I have uninstalled Command & Conquer Generals to make room for new games but it still says in add/remove programs that it is still there. I can't find it anywhere but it says it is still there and taking up memory. Any ideas? 
Also when I try to remove in add/remove programs it comes up with the message 
"setup is preparing the Installshield wizard, which will guide you through the rest of the maintenance process"
but it only gets half way through preparing it then just vanishes...


----------



## Elvandil (Aug 1, 2003)

Can you find it in Program Files? Try reinstalling it to repair the uninstaller.


----------



## JoshPC (Apr 28, 2007)

I checked in program files, nothing there or anywhere else that I could see even after search


----------



## Elvandil (Aug 1, 2003)

Then it may be gone. You can remove it from Add/Remove by running regedit and deleting it from:

HKEY_CURRENT_USER\Software\Microsoft\Windows\CurrentVersion\Uninstall


----------



## JoshPC (Apr 28, 2007)

how can i tell which is generals?


----------



## Elvandil (Aug 1, 2003)

It should be a name that is the game or company's name. But if unsure, better leave it.

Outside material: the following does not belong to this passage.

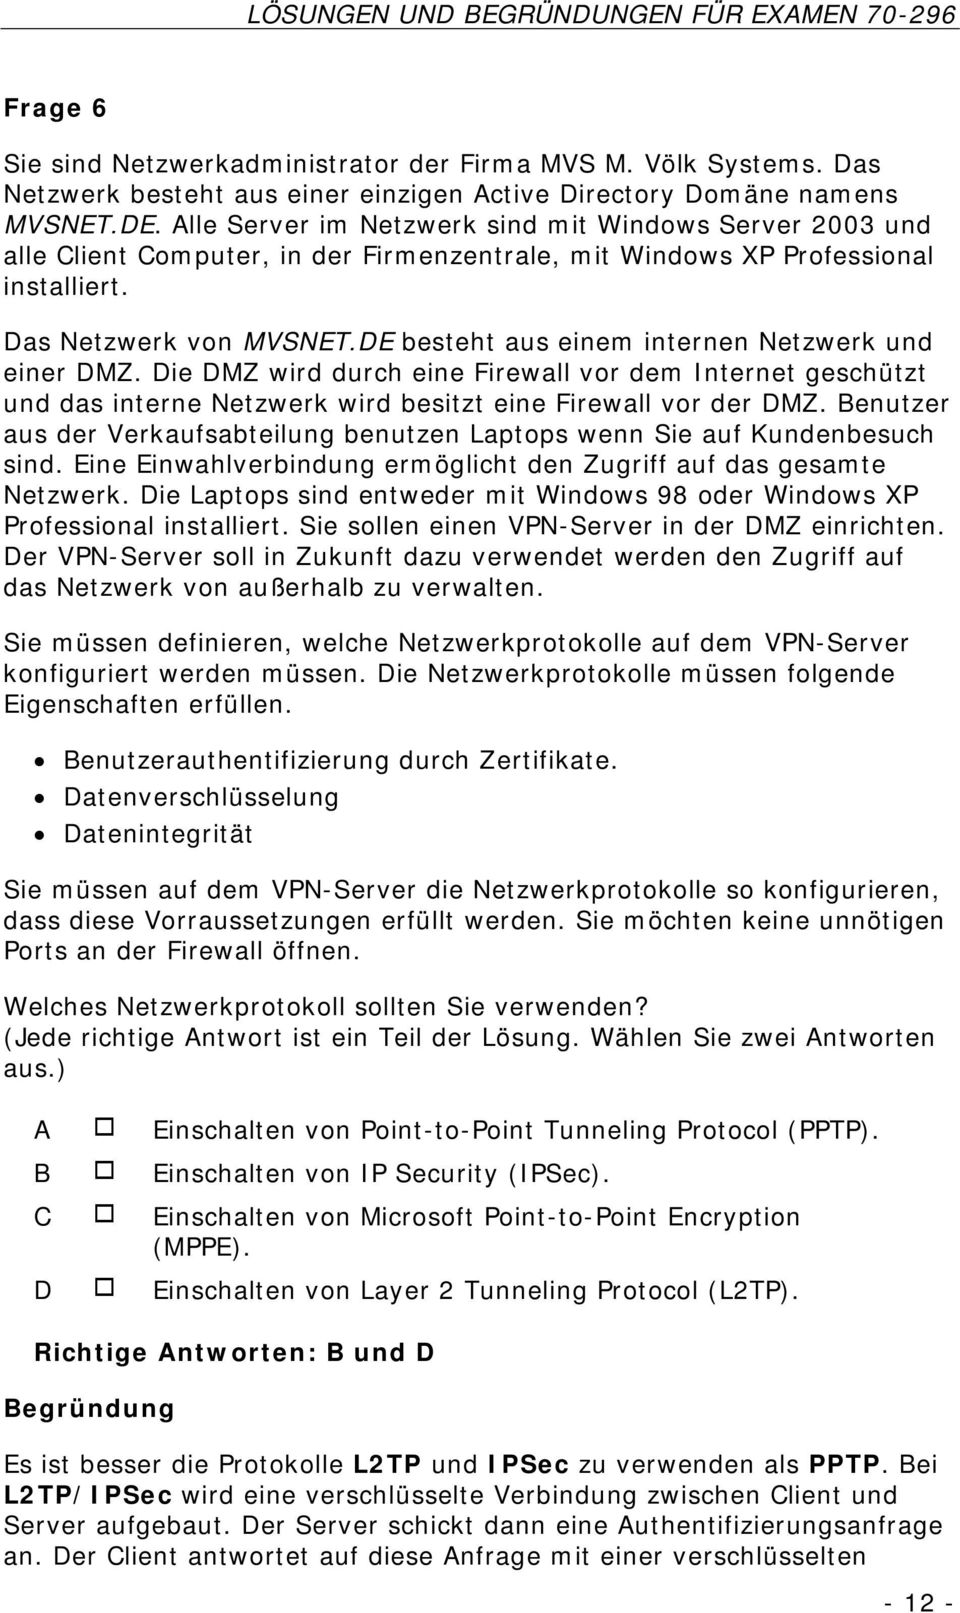 DE besteht aus einem internen Netzwerk und einer DMZ. Die DMZ wird durch eine Firewall vor dem Internet geschützt und das interne Netzwerk wird besitzt eine Firewall vor der DMZ.

Instead, install Regcleaner 4.3.0.780. Look in the uninstall section and you can remove it that way using the same name the game has in Add/Remove.


----------



## JoshPC (Apr 28, 2007)

i did that and it still has it in the add/remove programs but it doesnt say that it is taking up memory but now it has the same symbol as tiberium wars


----------



## Elvandil (Aug 1, 2003)

Then it still must be listed there somewhere.

Try MyUninstaller. Find the entry, right-click and delete.


----------



## JoshPC (Apr 28, 2007)

nope nothing there


----------



## Elvandil (Aug 1, 2003)

If you have more than one game by the same company, is there some sort of "integrator", or program that manages all those games and packages them together?


----------



## JoshPC (Apr 28, 2007)

im not sure how can i find out if there is and intergrator
there could be because i have C&C 3 tiberium wars as well


----------



## JoshPC (Apr 28, 2007)

Bump!


----------



## JoshPC (Apr 28, 2007)

Elvandil r u still there? still wanna help me?


----------